Casino Guichard-Perrachon SA's troubles in its home market caused its bonds to drop to an all-time low as the company races to combine its operations with Xavier Niel's retailer.

The casino chain reported a slump in its earnings from France as well as plans to put its 9,100 stores in France into a joint venture with Teract SA, the company that owns the Jardiland grocery chain in France. An investor group is in the process of raising €500 million ($529 million) to fund the resulting venture.

In the past year, the stock has dropped more than 40%, falling as much as 5.8% on Friday. With a five-year default probability of 99%, credit default swaps are priced accordingly.

“We cannot rule out the possibility of a broader restructuring of the debt at this time,” Christine Kam, a credit analyst at Octo Finances, said in an interview. 

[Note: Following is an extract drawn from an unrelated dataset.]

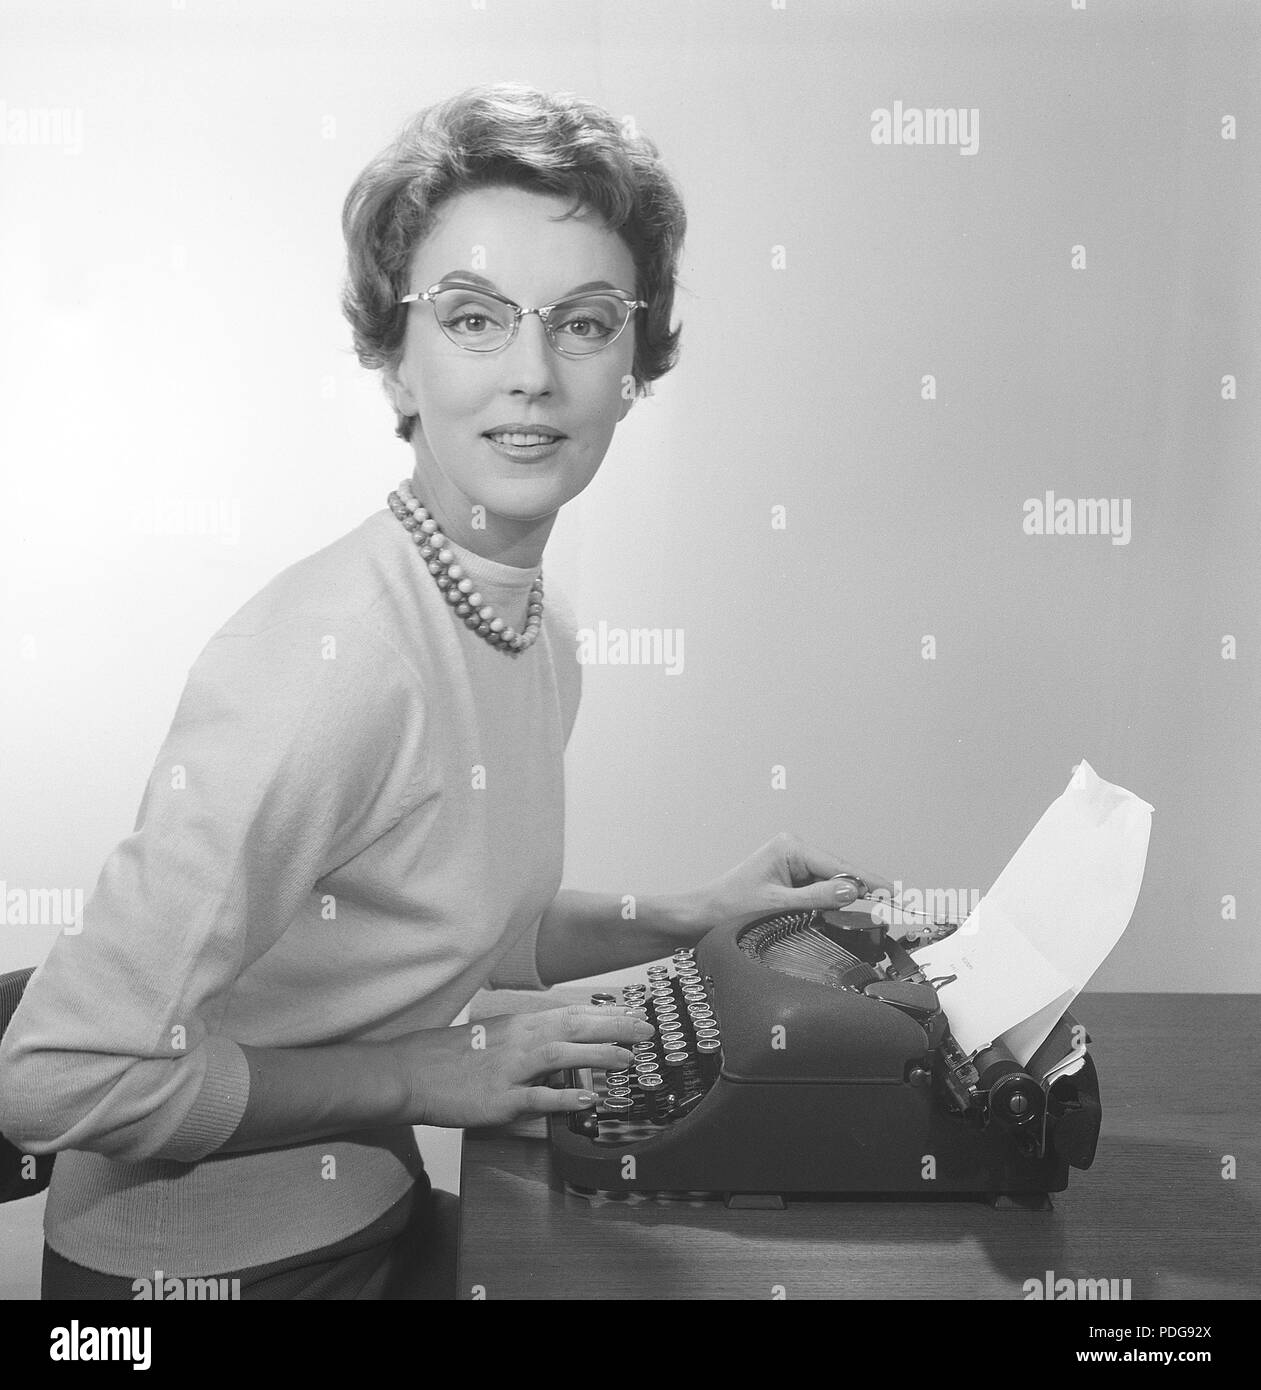 Office girl negli anni '1950s. Una ragazza giovane alla sua macchina da scrivere sta portando i vetri tipici degli anni cinquanta e il ponticello. 1958. Foto Kristoffersson/CB96-10 Foto Stock

In order to shore up its finances, the supermarket operator has been accelerating asset sales in a bid to raise money. After selling a portion of its stake in Brazilian unit Assai worth $600 million less than four months ago, the company announced this week it plans to sell another portion of that stake worth $600 million. A number of divestments are expected to take place in the future, according to analysts.  

The Casino announced in February that it has begun exploratory discussions with Teract about the potential merger, confirming a report by Trade Algo at the time. Several people with direct knowledge of the matter said at the time that the new entity might eventually seek to be listed on the stock exchange.

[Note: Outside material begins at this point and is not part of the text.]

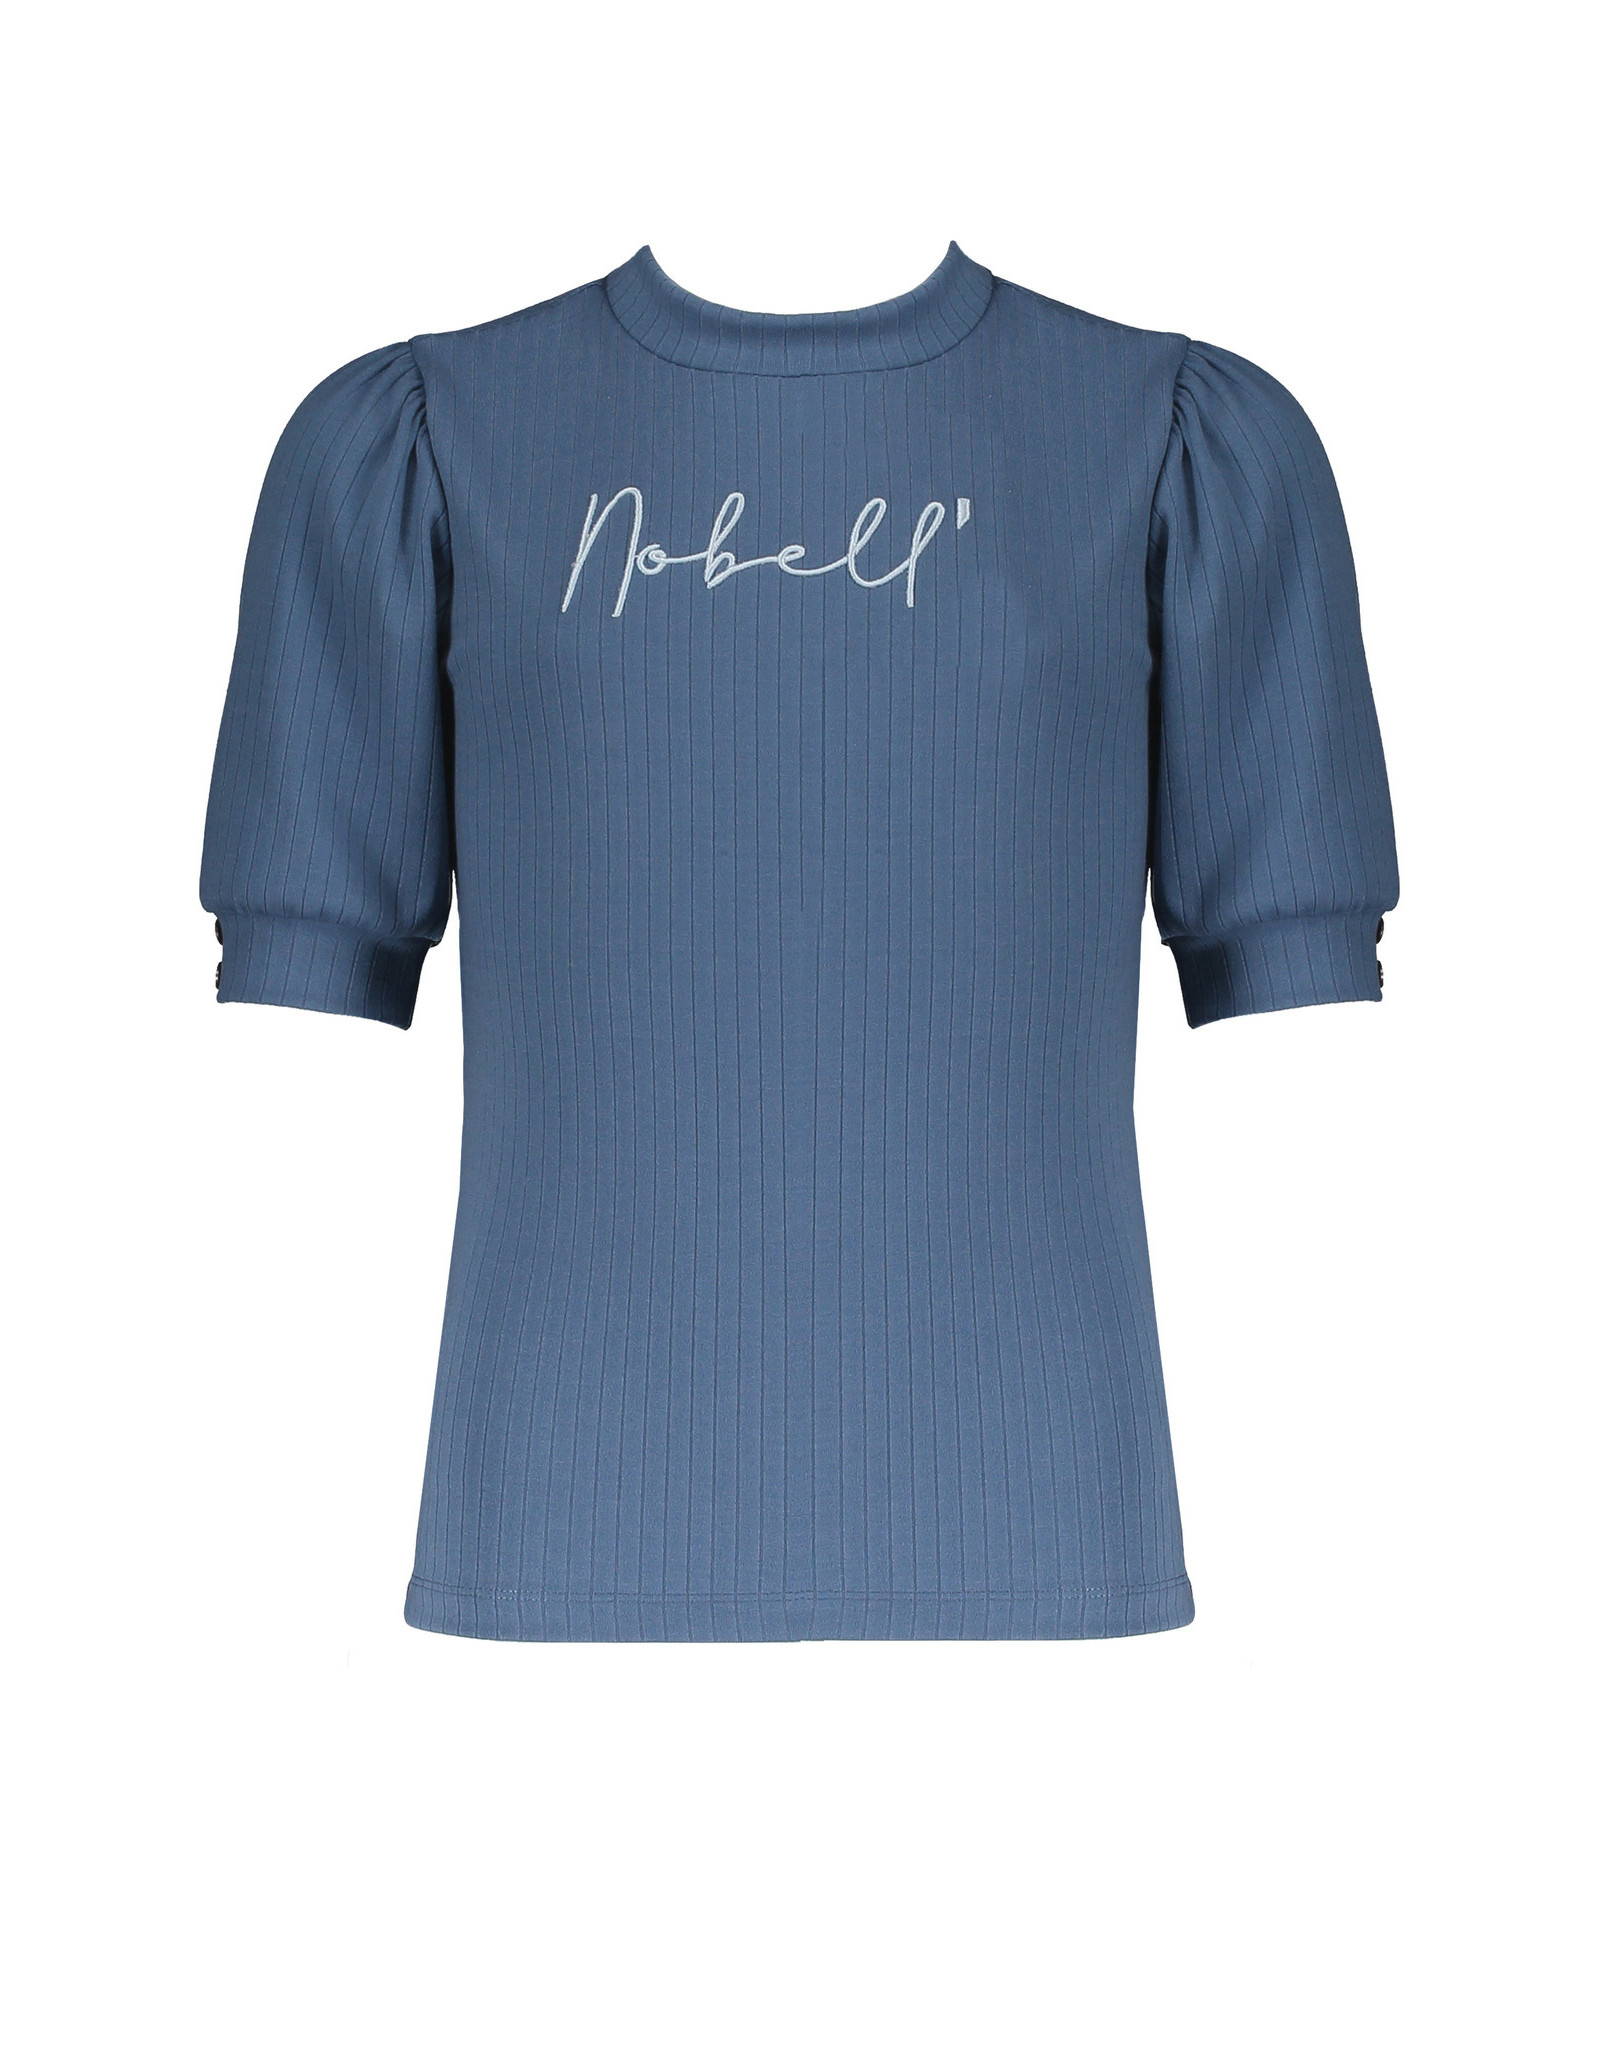 Nobell Nobell shirt 3401 blue fog

There would be a casino controlling the company, and a separate new entity controlled by Teract shareholders would be responsible for the supply of agricultural products for the company. François Guyot, a credit analyst at Spread Research, wrote that the French retailer is expected to acquire Bio & Co, a chain of organic food retailers, and Frais d'ICI, a chain of organic food retailers that specialize in locally sourced produce, just at the same time that organic food sales are plummeting as a result of the cost-of-living crisis.

Teract’s Roots

The origins of Teract can be traced back to a special-purpose acquisition company formed by Moez-Alexandre Zouari in collaboration with telecommunications entrepreneur Niel and banker Matthieu Pigasse. InVivo Retail merged with its blank-check company to form InVivo Blank Check. Having operated some Franprix and Monoprix franchises for quite some time now, Zouari has been a long-term Casino partner.

Shares of Teract rose as much as 4.2%.

Currently, the two companies are in talks with investors interested in backing the deal, and they expect to reach a binding agreement by the end of the second quarter.

On a separate note, Casino reported Friday that its French retail unit's earnings in the second half of last year dropped by 7% at constant currencies due to sluggish sales in the country. There was a decrease of €339 million in the net debt in France at the end of December from a year ago, to €4.5 billion. 

Casino has also said that it intends to reduce costs by €250 million and to reduce inventory by €190 million in the first half of the year due to its overestimation of demand for the first half of the year. There was a negative free cash flow of €524 million in 2022 as a result of that.  

Bond prices for Casino's notes due in March 2024 fell to 73 cents on the euro before rebounding to 77 cents, indicating investors do not expect a full repayment.

A Carrefour SA proposal was spurned by Casino in 2018 for the possibility of a possible merger, and the company's CEO Jean-Charles Naouri has been recalcitrant to let go of the company's control ever since.

In the interim, he has managed to get Rallye SA, a unit that owned a majority stake in Casino, to restructure its debt without losing his grip on the retail chain.

“There is no doubt the company will have enough liquidity to meet the short-term debt maturities as a result of all the asset sales planned,” according to Octo's Kam. “There are, however, a number of investors who are concerned about the high level of cash burn and who are concerned that the main shareholder might not be so keen on repaying the debt if he is at risk of losing control of the company."